Separating instruments in the mix can be done in a number of ways. Using different sound spectrums is one. This can be done by using different guitars to start with as a tele has a very different sound to a Les Paul. Obviously that is expensive but using different pickups or tweaking tone controls/EQ will also help to separate instruments. The second thing is to use the pan pots so the guitars are separated in space, one stage left one stage right.

Having said all this my guess is that most of your problems stem from sound spillage on stage. Most bands play too loud and you mention ear protection. When you play loud your guitars are picked up by any mics on stage and put into the mix. When you are setting up get the other guitarist to play with his channel turned down on the mixer if you mic or DI him but with everything else at the levels you would normally use. If any guitar at all is coming through the PA or monitors you have found part of your problem and this will be doubled when you are playing. The trouble with multiple pathways for sound is that they arrive at different times and really muddy the sound you hear. The solution to this is to turn down but you can help by moving mics and your backline amps so they don't point at each other.

Once you've done this you can look at your monitoring. It may be that the audience hears a better sound balance than you do. This is really quite common.

Cheers
#6
Quote by Phil Starr
Once you've done this you can look at your monitoring. It may be that the audience hears a better sound balance than you do. This is really quite common.
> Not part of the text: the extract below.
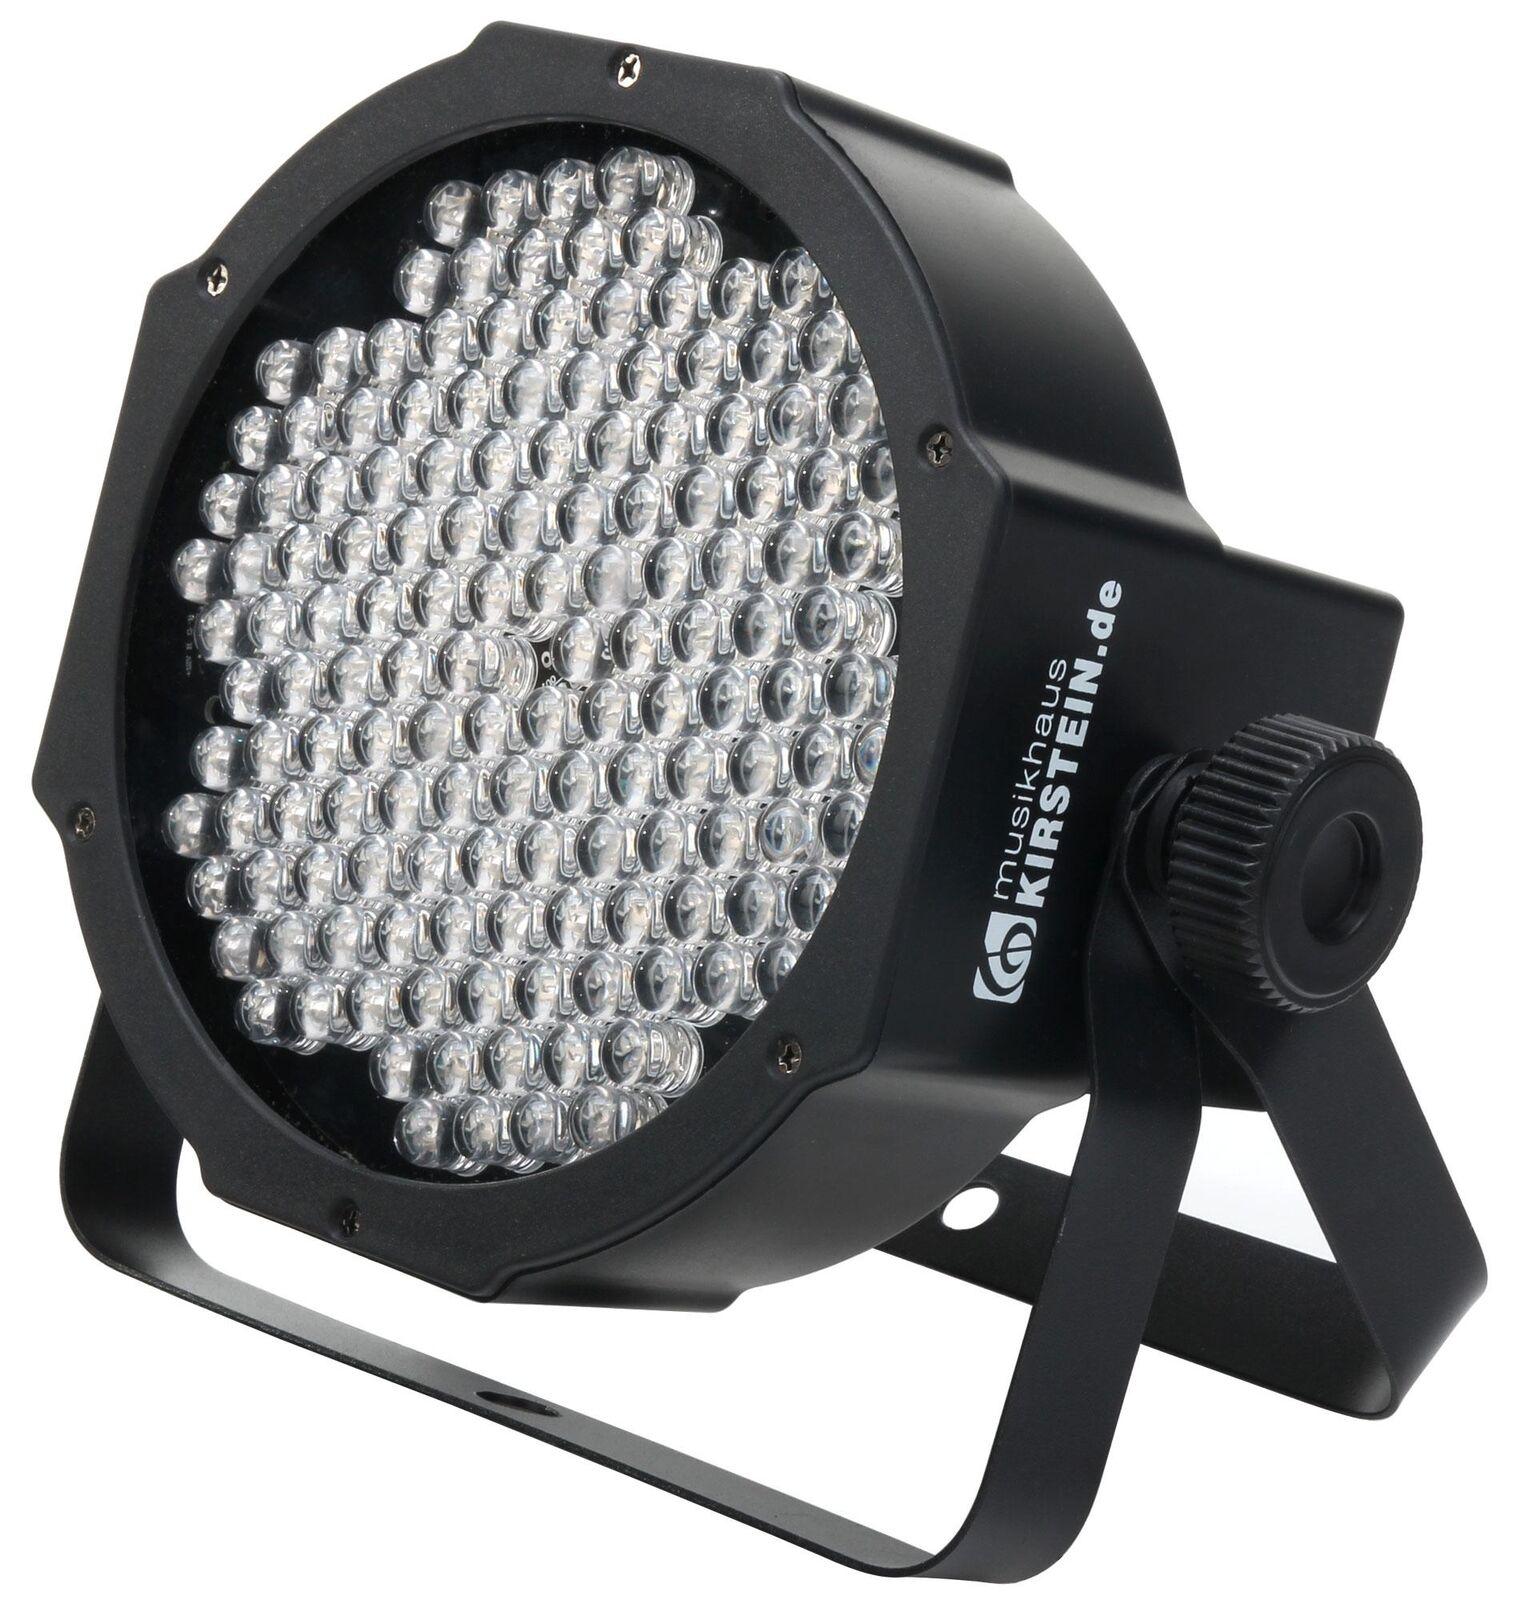 SHOWLITE DJ PA FLOODLIGHT 144 RGB LED LAMPE DMX LICHT EFFEKT STRAHLER PARTY SPOT

On this - it's worth having a look at where you're playing; you mentioned messing around during practices, trying to get seperate tones - what sort of room are you practicing in and how are you set up in it? And where are you standing in the practice room? What about on stage? What about everyone else in the band - how are they percieving the sound?

The sound'll change fairly significantly depending on where the sound is coming from (where the amps are) and where the listener is standing in relation to the sources - there's too many variables for me to know about or explain in a post, if you described your practice/live set-up I/someone else might be able to help a bit more.